At the beginning of the evening our energizing hostess Jessica Mickey, pondering the classic debate of the Beatles versus the Rolling Stones, pointed out that while the Beatles sang from their hearts the Stones sang from their more “southerly” regions. This masculine sexuality was flipped upside down by many of the female performers throughout the evening. In contrast to Eden Fonvielle’s delightfully theatrical embodiment of Mick Jagger, Samantha Church and Lily Slay took ownership of their songs with unapologetically feminine approaches. Samantha Church followed the sobering effect of Jill Lewis’ breathtaking vocals with a raunchier, wild rendition of “Miss You.” After those impressive power-packed vocalizations Samantha took a breather and promised the audience: “Alright now we’ll get things started.” She arrested us again with “Start Me Up,” which kept the audience members dancing and jumping up and down. The sultry Lily Slay followed with a confrontational delivery of “Paint it Black” that involved shedding a red wig (to reveal, of course, a black one underneath) and even whipping out a kazoo to mimic the original song’s droning sitar.
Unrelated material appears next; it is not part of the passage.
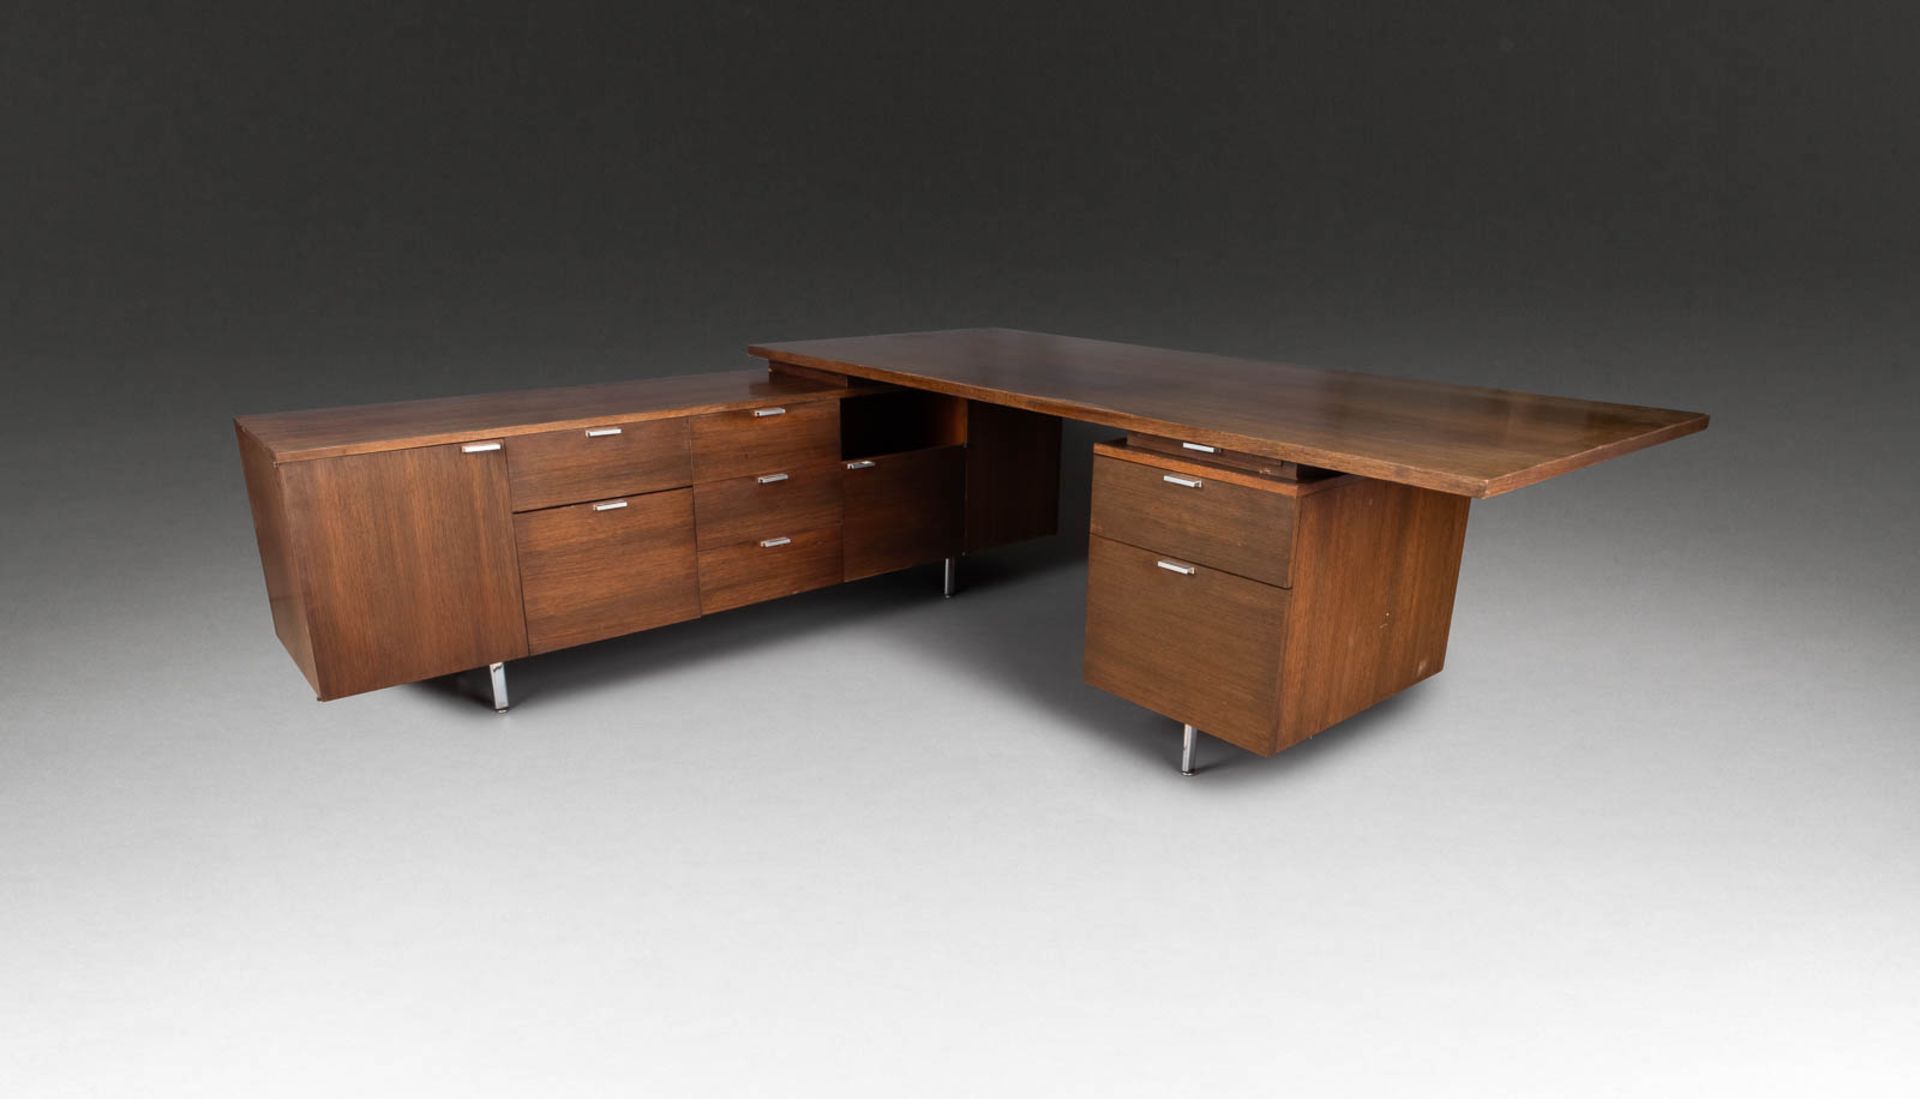 GEORGE NELSON1908 Hartford, Connecticut - 1986 New York City 'EXECUTIVE OFFICE DESK' USA, for Herman

“Let’s bring those fine bitches back out here!” spoke our hostess, summoning all of the musicians for an encore of “Honky Tonk Women.” Bob Culver, the keyboardist for the Hungry Monks, broke out the fiddle. The ladies passed the mic around to belt out the chorus and Eden Fonvielle emphatically strutted across the stage again. When was the last time you went to a rock concert to be treated with a saxophone solo (as I was throughout the evening by Matt Kearney with the Hungry Monks)? How often do we hear covers of the Rolling Stones interspersed with piano solos? And how often do powerful professional female vocalists take center-stage for these covers? I am excited for future shows in the “Women &” series and I am curious as to whether they might pay tribute to female rock and roll legends or keep up the gender dichotomy.